Its melting point is 1545 ℃.
Its boiling point is 1950 ℃.
According to the Pauling scale, its electronegativity is 1.25.
Its oxides are basic in nature.
It shows hexagonal close packed crystal structure.
Its first ionization energy is 596.7 kJ.mol-1.
On reaction with chalcogens, it forms thulium chalcogenides.
Reaction with oxygen – Thulium burns easily at 150 ℃ temperature and forms its oxide Tm2O3. Reaction is given below –
4Tm + 3O2 → 2Tm2O3
Reaction with water – It undergoes hydrolysis with cold water and hot water both. Although it reacts slowly with cold water but very fast with hot water. It forms thulium hydroxide on reaction with water. Reaction is given below –
2Tm(s) + 6H2O(l) → 2Tm(OH)3(aq) + 3H2(g)
Reaction with halides – It reacts with halogens and forms thulium halides. It forms different colored halides with different halogens. For example, thulium fluoride is white in color while thulium iodide is yellow in color.

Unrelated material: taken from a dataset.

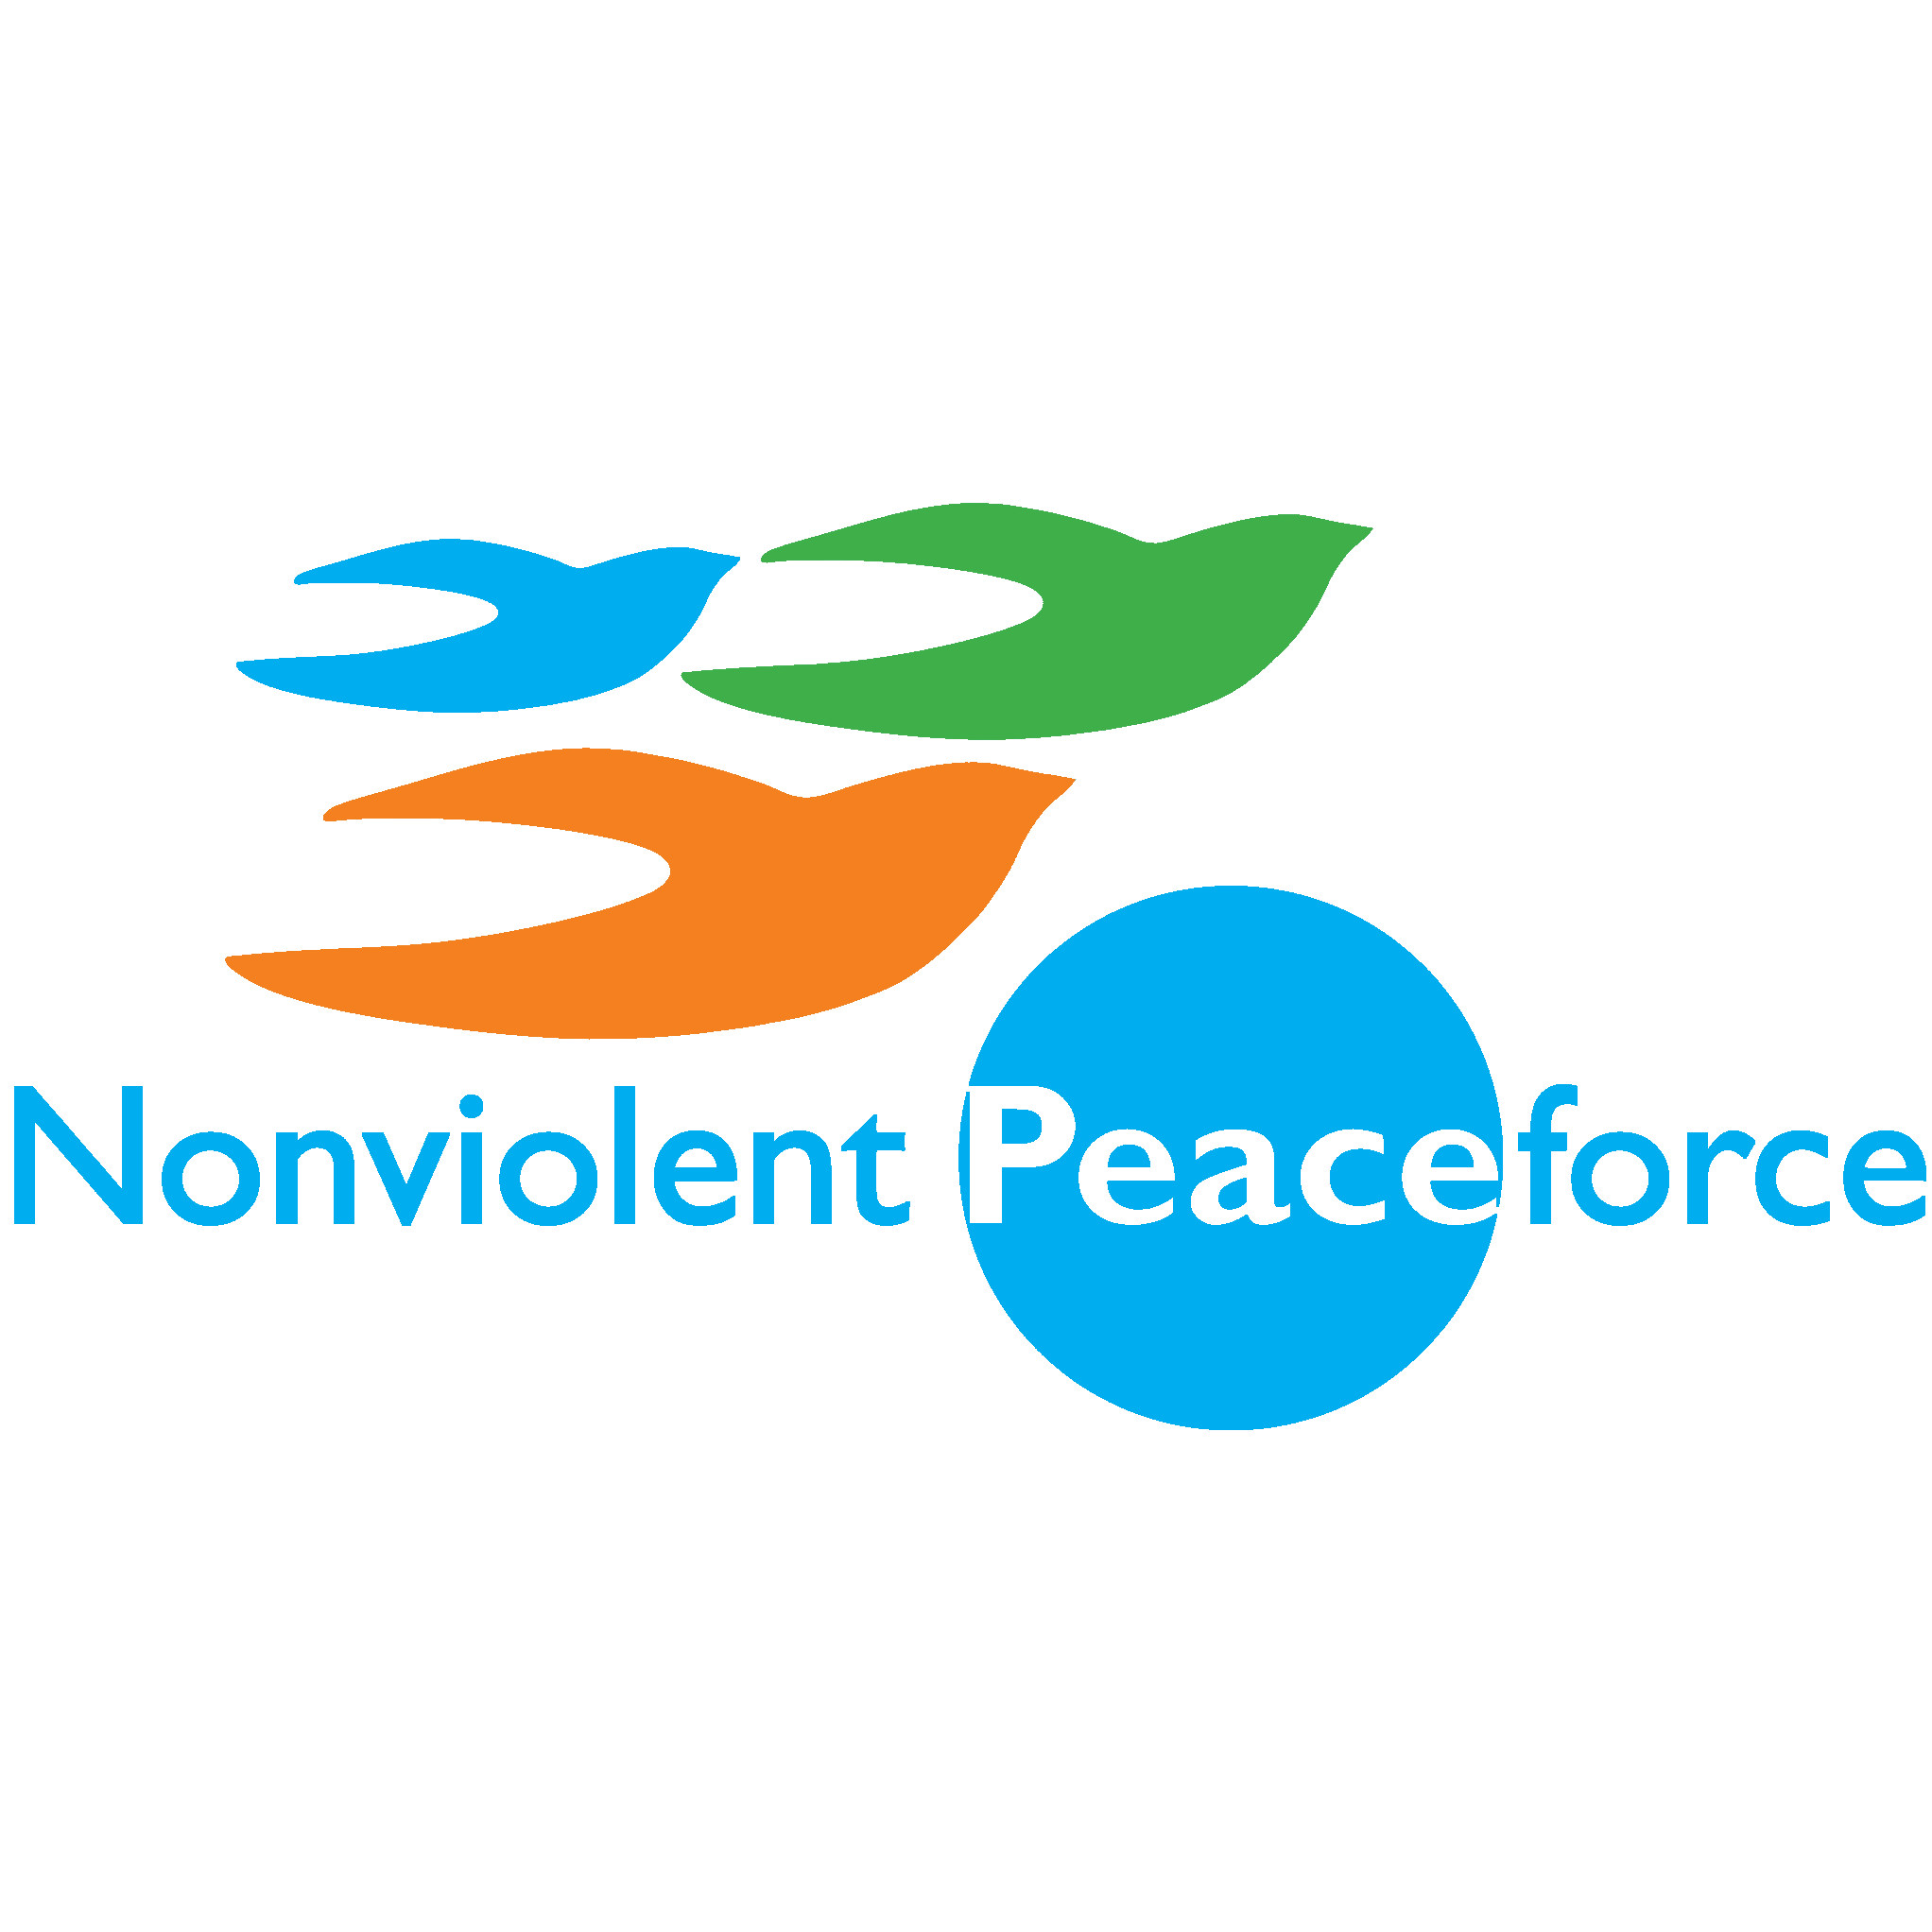 NP - Nonviolent Peaceforce

In these reactions of thulium with halogens temperature plays a key role. At room temperature thulium reacts with halogens slowly while at higher temperature (> 200 ℃) it reacts with halogens vigorously. Reactions are given below –
2Tm(s) + 3F2(g) → 2TmF3 (s)
2Tm(s) + 3Cl2(g) → 2 TmCl3 (s)
2Tm(s) + 3Br2(g) → 2 TmBr3 (s)
2Tm(s) + 3I2(g) → 2 TmI3 (s)
It dissolves in dilute sulfuric acid and forms a pale green solution containing Tm+3 ions.
2Tm(s) + 3H2SO4(aq) → 2Tm3+ (aq) + 3SO2−4 (aq) + 3H2(g)
Thulium dichloride (thulium halide) reacts vigorously with water. Reaction is given below –
TmCl2 + H2O 🡪 Tm(OH)3 + H2
Reaction with HCl – It reacts with HCl and forms hydrogen gas and thulium chloride.
Tm + 2HCl 🡪 TmCl2 + H2
Thulium is an expensive and least abundant rare earth metal. So, it has a few applications. Its uses are listed below –
It is used in lasers as an active laser medium material with holmium, chromium and yttrium aluminium garnet. It can lase at 2080 nm and is used in military applications, medicines, meteorology etc.
It is used as an X – ray source. These types of X-ray devices are used in medical and dental diagnosis. 170Tm is being used in X – ray devices for cancer treatment.
170Tm is used for industrial radiography.
It is used in high temperature superconductors.
It can be used in ceramic magnetic materials which are used in microwaves.
It can be used in electricity generating windows which work on the principle of a luminescent solar concentrator.
Thulium is very less toxic but at higher concentrations it can be dangerous. Although insoluble thulium salts are completely nontoxic. It can cause damage to the liver and spleen. Inhalation or ingestion of thulium dust is very harmful. It can cause explosions.